Monday, August 27, 2007

"I Found the Moon"

My granddaughter, Sofia, with the help of her mother, called me excitedly tonight on the cell phone from her home in Washington, DC. "I found the moon Grandpa! And it's right outside my window. We don't have to chase it in the car!"

Four weeks earlier, she and her mother--my beautiful daughter Mishi--had visited my me and my wife in Pacific Palisades, California, for their once a year July/August vacation.

One night during their two week vacation, as our family was driving back home from Santa Monica, Sofia had seen from the car window the nighttime moon, high in the Los Angeles sky. It was round and white, and it seemed to hold a particular fascination for her. Sofia is three and a half years of age, and I suppose all the world is wondrous and mysterious at that age, new and discoverable daily.

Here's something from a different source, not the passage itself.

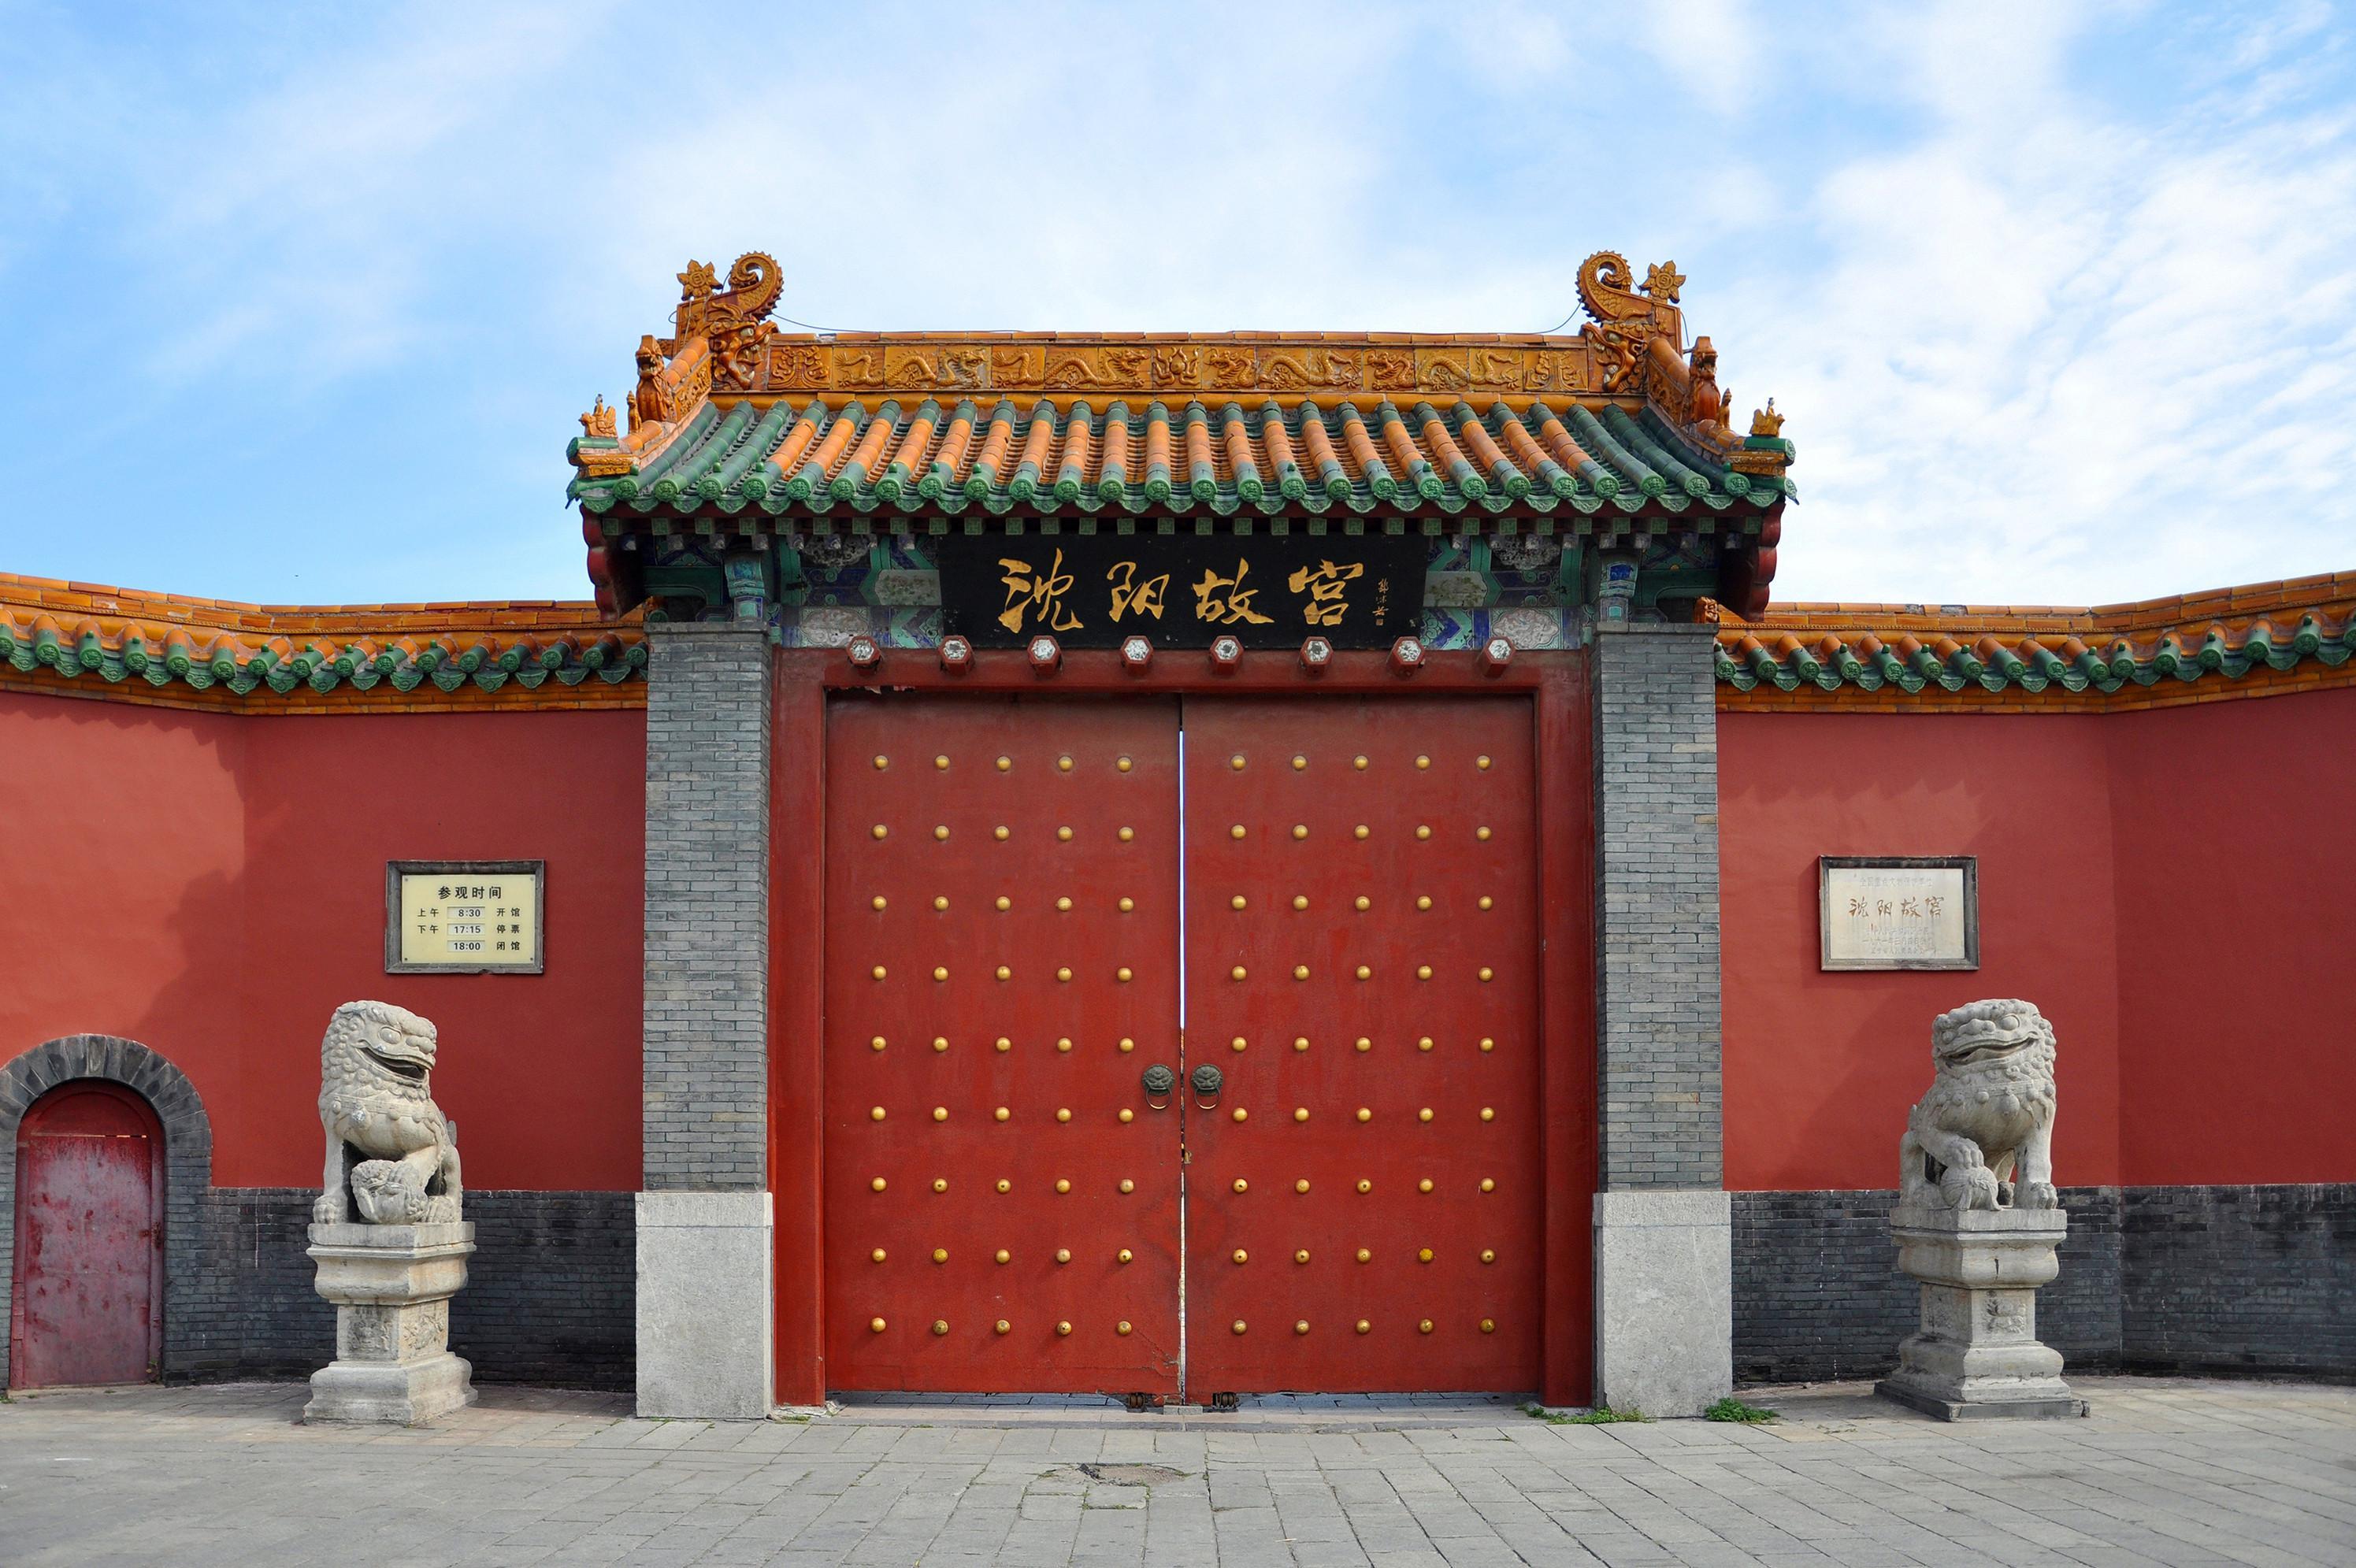 哈尔滨、长春、沈阳动车5日4晚跟团游[]全程动车,半日自由城市拾光,打卡美食餐厅

The next night, while sitting around the house after dinner, Sofia looked out the window to find the moon; but the moon wasn't visible in the sky. We live behind the hillside. She was disappointed. She wanted to see the moon again. I told her to finish her ice cream and we would get in the car and 'chase the moon'. We'd find it, I assured her. It was somewhere. Her eyes lit up.

We put on our slippers, I got the keys to the car from my pants pocket upstairs, and in our pajamas we went to the car. We drove a short distance, up the hill, overlooking the high school...and there it was. The beautiful full moon again, white in the distant sky.

Sofia was delighted. Her smile lit up the car like the moon lit up the nighttime sky.

The next night, at home, Sofia looked out the window again. But once again, the moon was not to be seen. Sofia was undaunted; and determined. "We've got to go in the car and chase the moon Grandpa!!" she emphasised. So we got in the car again, drove up the the hill again, to the same spot as the previous night, overlooking the high school. But this time: no moon; I had forgotten it was it was earlier in the evening than it had been last night. The moon had not risen yet above our horizon. "Its not there" she said. She was so disappointed. I was crushed. I said, "We'll have to chase it some more." So we drove rapidly across the village center to the road leading up the hill to Will Roger's State Park. we ascended the crest of the higher hill...there it was, the moon. "The moon, Grandpa!" she screamed. The smile across her face was worth a thousand journeys across a million villages in all the world.

Sofia is, as I said, is only three and a half years of age, and many, many, new things are entering her consciousness every hour of every day. The world...and especially a cross-continent visit to Gammy's and Grandpa's...were filled with many daily new things: the wave-breaking ocean, sandcastles in the sand, Rustic Canyon swimming pool, Santa Monica pier and its Merry-Go-Round. For the rest of her visit, she never spoke of the moon again.

A week later she was gone. A huge hole appeared in our hearts.

Three days later she called. She told Grammy how glad she was to be back in Washington, at home, with her beloved 'Papi', with her dolls and her friends in the park. She listed the friends by names: Anya, Norma, Carmen and Josey. At the end of the conversation, just before hanging up, she said: "Don't you and Grandpa forget me."

When I got home that night, when my wife told me about Sofia's worry about our forgetting her, my heart skipped a beat. The opposite was more the case. What if we died soon? Would she forget us?

Tonight, when her call came, telling us she had found the moon again, I stopped worrying. It seems memories, deep in the heart, like moons far in the sky, may last forever.